The Mobility of Economists and the Diffusion of Policy Ideas: The Influence of Economics on National Policies
Abstract
A statistical analysis of the adoption of privatization and central bank independence by national governments indicates that the presence of American-trained Ph.D. economists have a significant influence on the decision to implement these policies. However, the timing of the adoption suggests that adoption is sensitive to the technical debate within economic communities and the degree of consensus regarding the efficacy of these programs. These results are triangulated with a study on pension fund reform to show that other actors, e.g. the World Bank, may matter and prevail even though economists may disagree. The discovery of an economic idea and the introduction of an economic policy parallels the distinction between invention and innovation in the technology literature. Economic ideas become policy innovations upon their adoption as policy programs, but often as much for their ideological content as for their technical merits.
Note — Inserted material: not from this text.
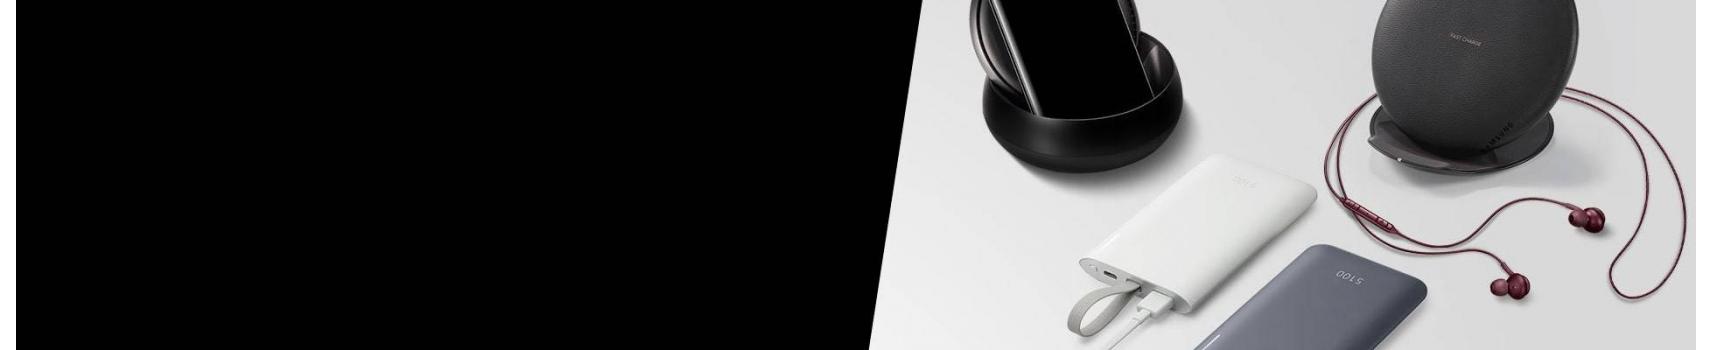 Accessoires Samsung - Batterie - Chargeur - Audio | Samsung Tunisie

Contrary to many opinions on economists and their influence, the results of this paper suggest that economics, like most epistemic academic communities, is marked by debate that can reverse the earlier consensus, with effects of this debate echoed in the adoption decisions by political actors.
Citation
Kogut, Bruce, and Muir Macpherson. "The Mobility of Economists and the Diffusion of Policy Ideas: The Influence of Economics on National Policies." Research Policy 40, no. 10 (December 2011): 1307-1320.